Strong Kochen-Specker theorem and incomputability of quantum randomness

TL;DR

This paper advances the Kochen-Specker theorem to identify specific observables that are provably value indefinite, and applies this to certify a quantum random number generator in a three-dimensional system.

Contribution

It improves the Kochen-Specker theorem to locate value indefinite observables and demonstrates their use in certifying quantum randomness.

Findings

Identified observables that are provably value indefinite.

Developed a certification method for quantum random number generation.

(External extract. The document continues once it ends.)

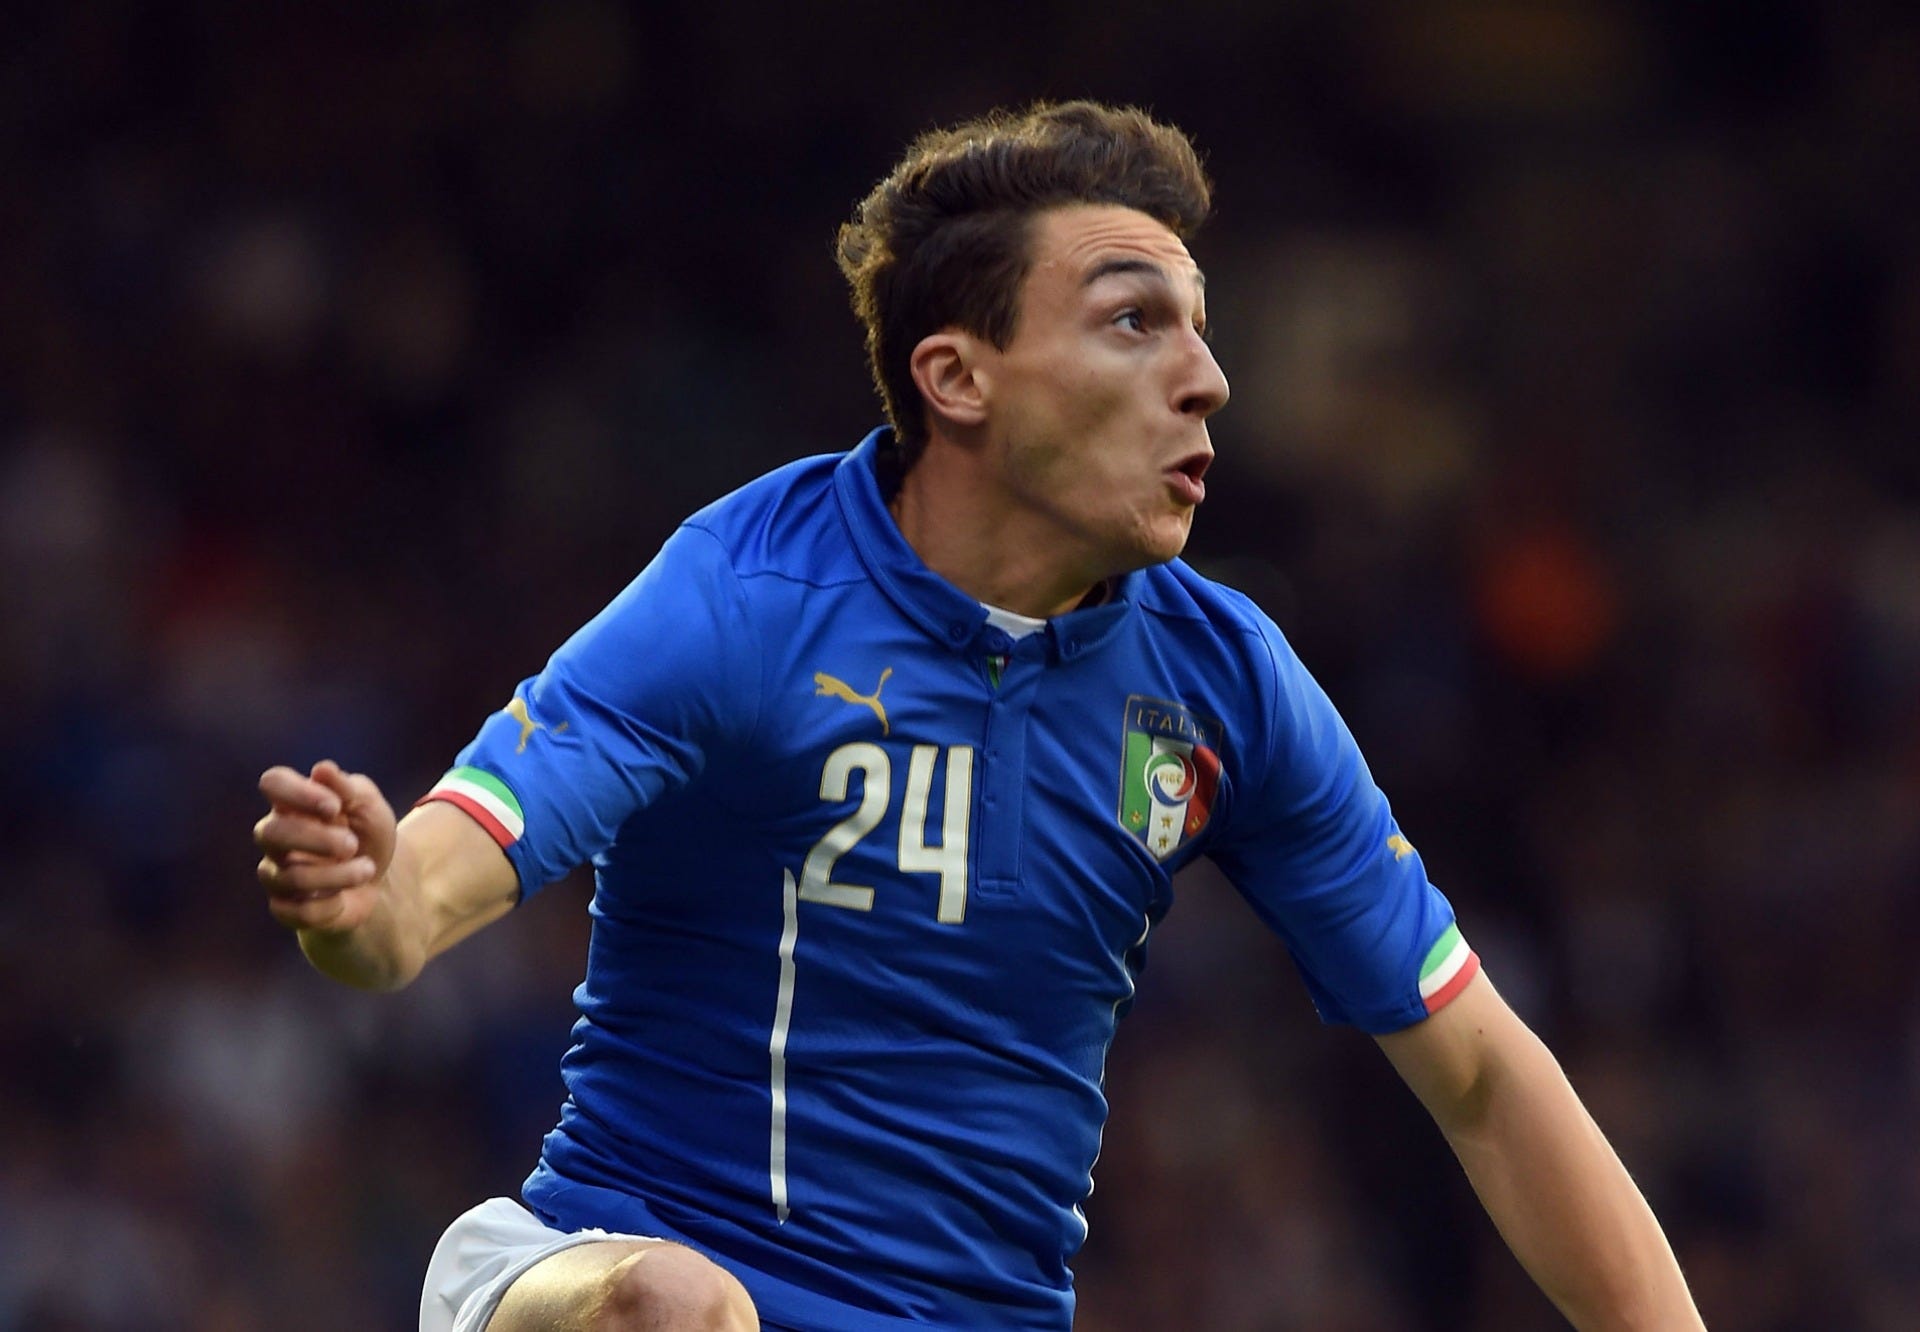 Matteo Darmian / Italy Ireland / Friendly Match

Validated the approach in a three-dimensional quantum system.

Abstract

The Kochen-Specker theorem shows the impossibility for a hidden variable theory to consistently assign values to certain (finite) sets of observables in a way that is non-contextual and consistent with quantum mechanics. If we require non-contextuality, the consequence is that many observables must not have pre-existing definite values. However, the Kochen-Specker theorem does not allow one to determine which observables must be value indefinite. In this paper we present an improvement on the Kochen-Specker theorem which allows one to actually locate observables which are provably value indefinite. Various technical and subtle aspects relating to this formal proof and its connection to quantum mechanics are discussed. This result is then utilized for the proposal and certification of a dichotomic quantum random number generator operating in a three-dimensional Hilbert space.